Faced with such realities, as were the peoples of post-horror Germany and Russia, the tendency is to be forgiving for the sake of sheer realism. Who knows where the central water supply is located and how to turn it on? Who can provide a working guide to the courses and enrollments at the university? Who has a list of the wanted rapists and murderers in the city? Find this guy, and give him a pass. If everyone is guilty, then perhaps no one really is (except the really, really bad ones, and we’ll get to them later).

But where does this leave those who never buckled or betrayed? Doesn’t it mock those who resisted at the risk of their lives? And where does it leave those who never did anything but have at last found their courage? In the past, sudden changes of regime have tended to marginalize the first group (who are disliked for their moral rectitude and the implicit reproach they embody) while giving the second group an opportunity for vendetta.

This dilemma will persist in Iraq even longer, I predict, than it has in South Africa and El Salvador and Eastern Europe. The sheer extent of anguish and crime, so much of it for so long, will see to that. A tiny step in the right direction has been taken with the publishing of a list of unforgivables: This probably helped many waverers to decide between their enforced allegiance and their potentially true one. And certain offenses, such as torture and genocide, cannot be amnestied or subject to any statute of limitations (which is why it was wrong of Powell and Rumsfeld to flirt with the idea of granting pardons that were not within their legal or moral power before the war even began).

To return by this route to a pet subject of mine: This argument ought to remove some of the sneer potential from the word “exile.” I notice that Ahmad Chalabi and the Iraqi National Congress are still being described, by Sy Hersh in The New Yorker most recently, as “an exile group.” This disregards the fact that many of them were fighting in northern Iraq 10 years ago, and it simultaneously overlooks one of the best things about them, namely that they are not implicated or befouled by any past atrocities. Since I last complained about this and the lazy use of the wrong term by the New York Times, I have observed that INC forces have received grudging, down-page credit for retrieving stolen artifacts from the Baghdad Museum, for unearthing fascinating documents from the files of Saddam’s secret police, for arranging the surrender of several key Baathists to the coalition, and for intervening on the right side to try and ensure that a notorious placeman does not retain his post at the head of Baghdad University.
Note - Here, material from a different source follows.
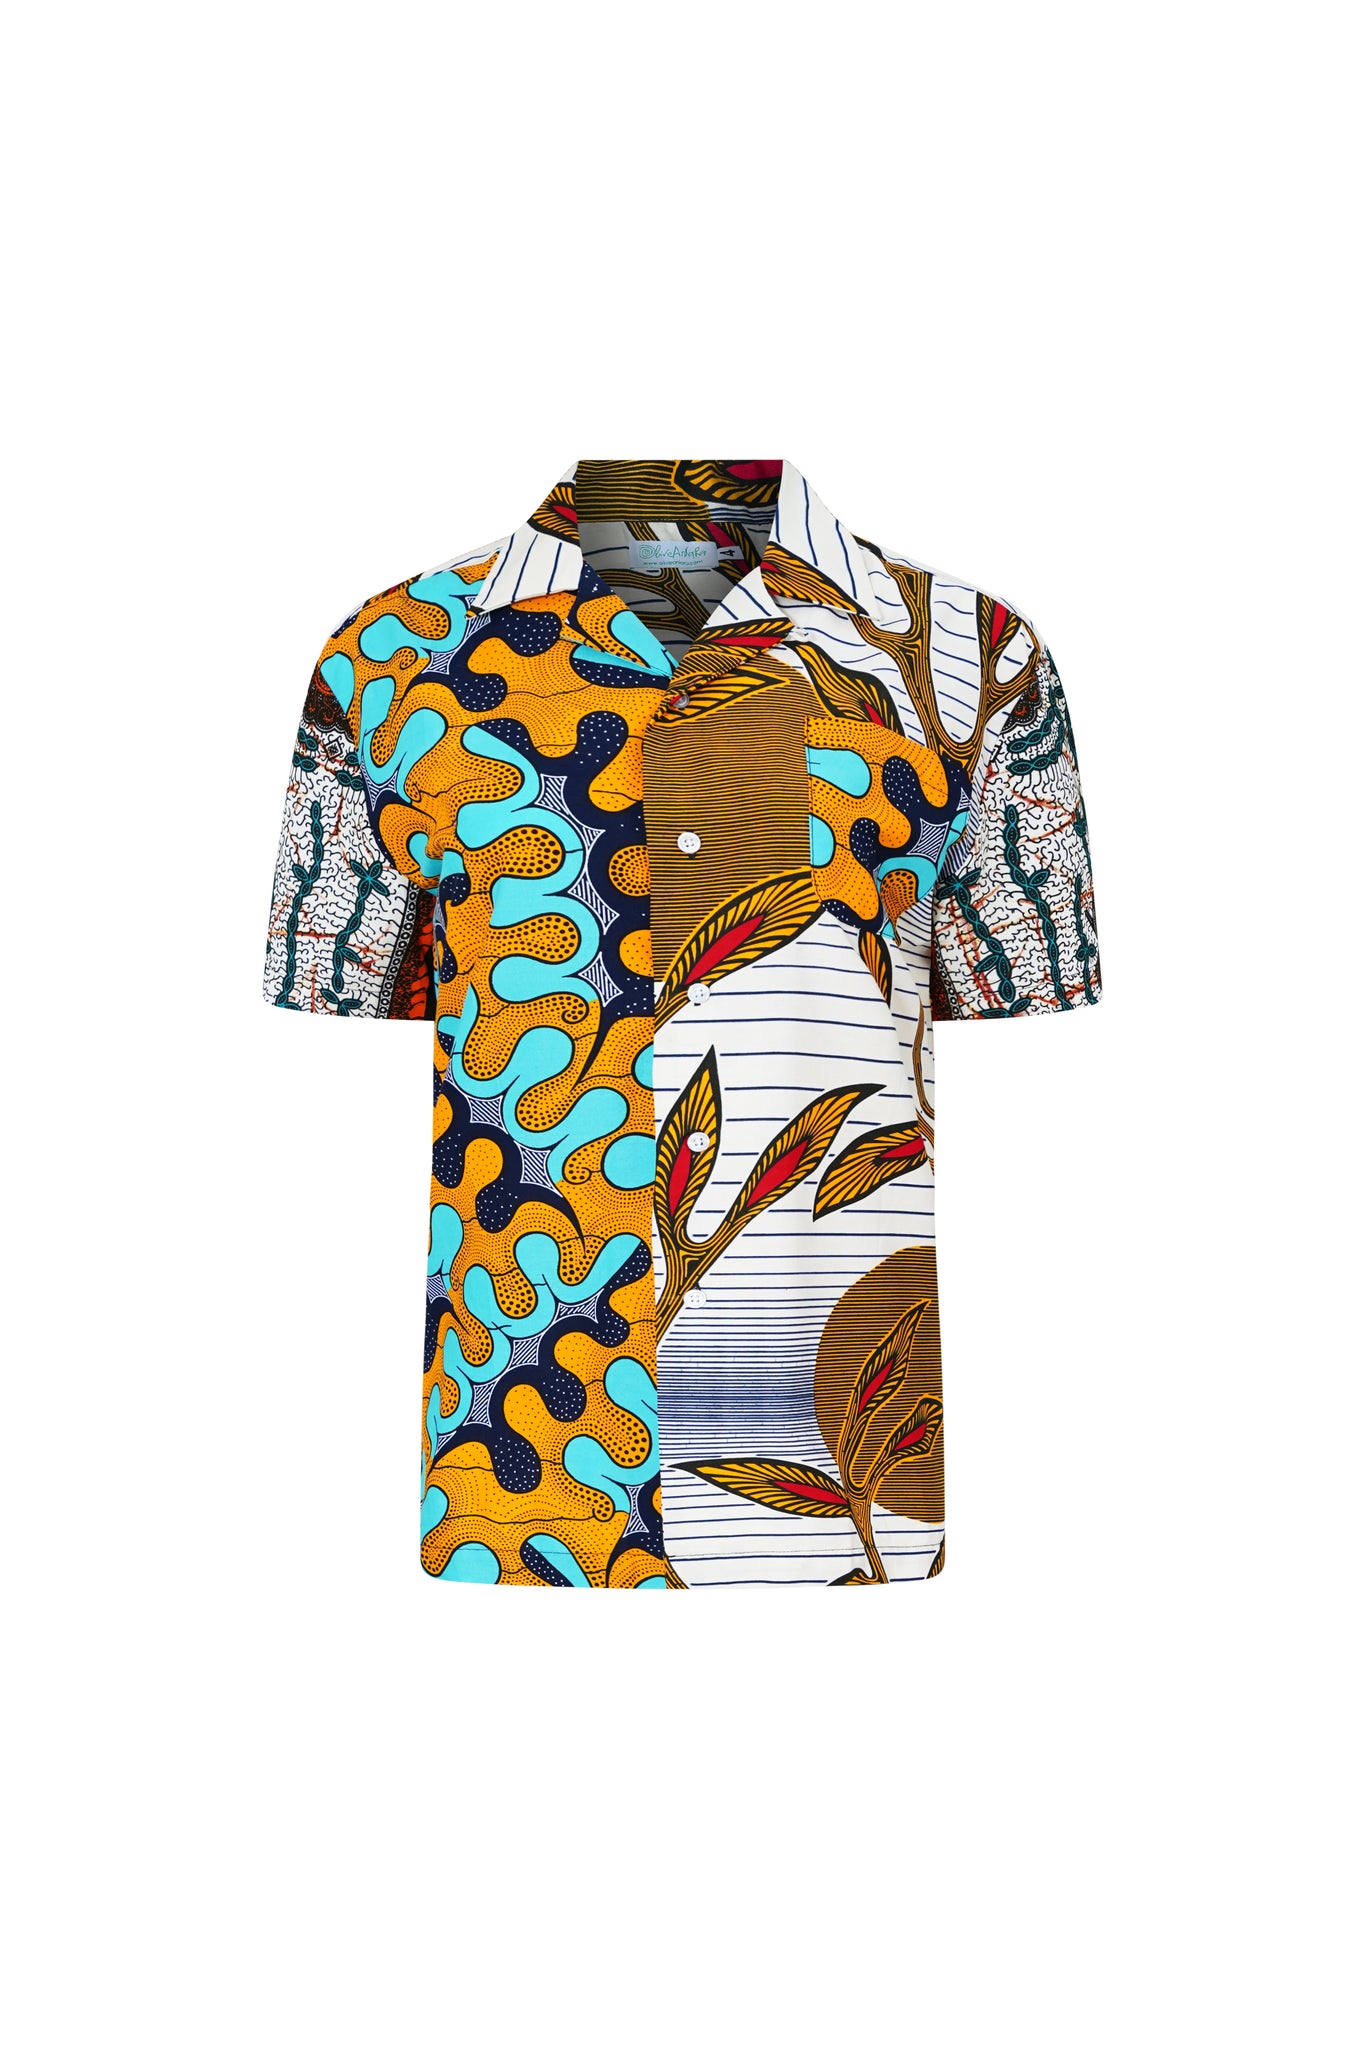 Zika Shirt - Mix Match Awoluba/Grotto Cyan Yellow and White African Ankara Wax Cotton Print

More power to their elbows. (Incidentally, if they are now in Baghdad, these forces are by definition no longer “exiles.”) Yet every journalist feels compelled to state, as a matter of record, that Ahmad Chalabi was once convicted (by a very bizarre special court in the kingdom of Jordan) of embezzling money from a bank that was partly controlled by Iraq. I am not an accountant, and I admit that I don’t know what happened at the Bank of Petra in 1972. I am not sure, after exhaustive inquiries, that I know anybody who really does know. But I do know what happened at the Iraqi Central Bank a few weeks ago, and I don’t have to be an accountant or auditor to understand it. As with everything else, it is the sheer ruthless criminality of the ancien régime that staggers the mind and makes some people flinch and change the subject.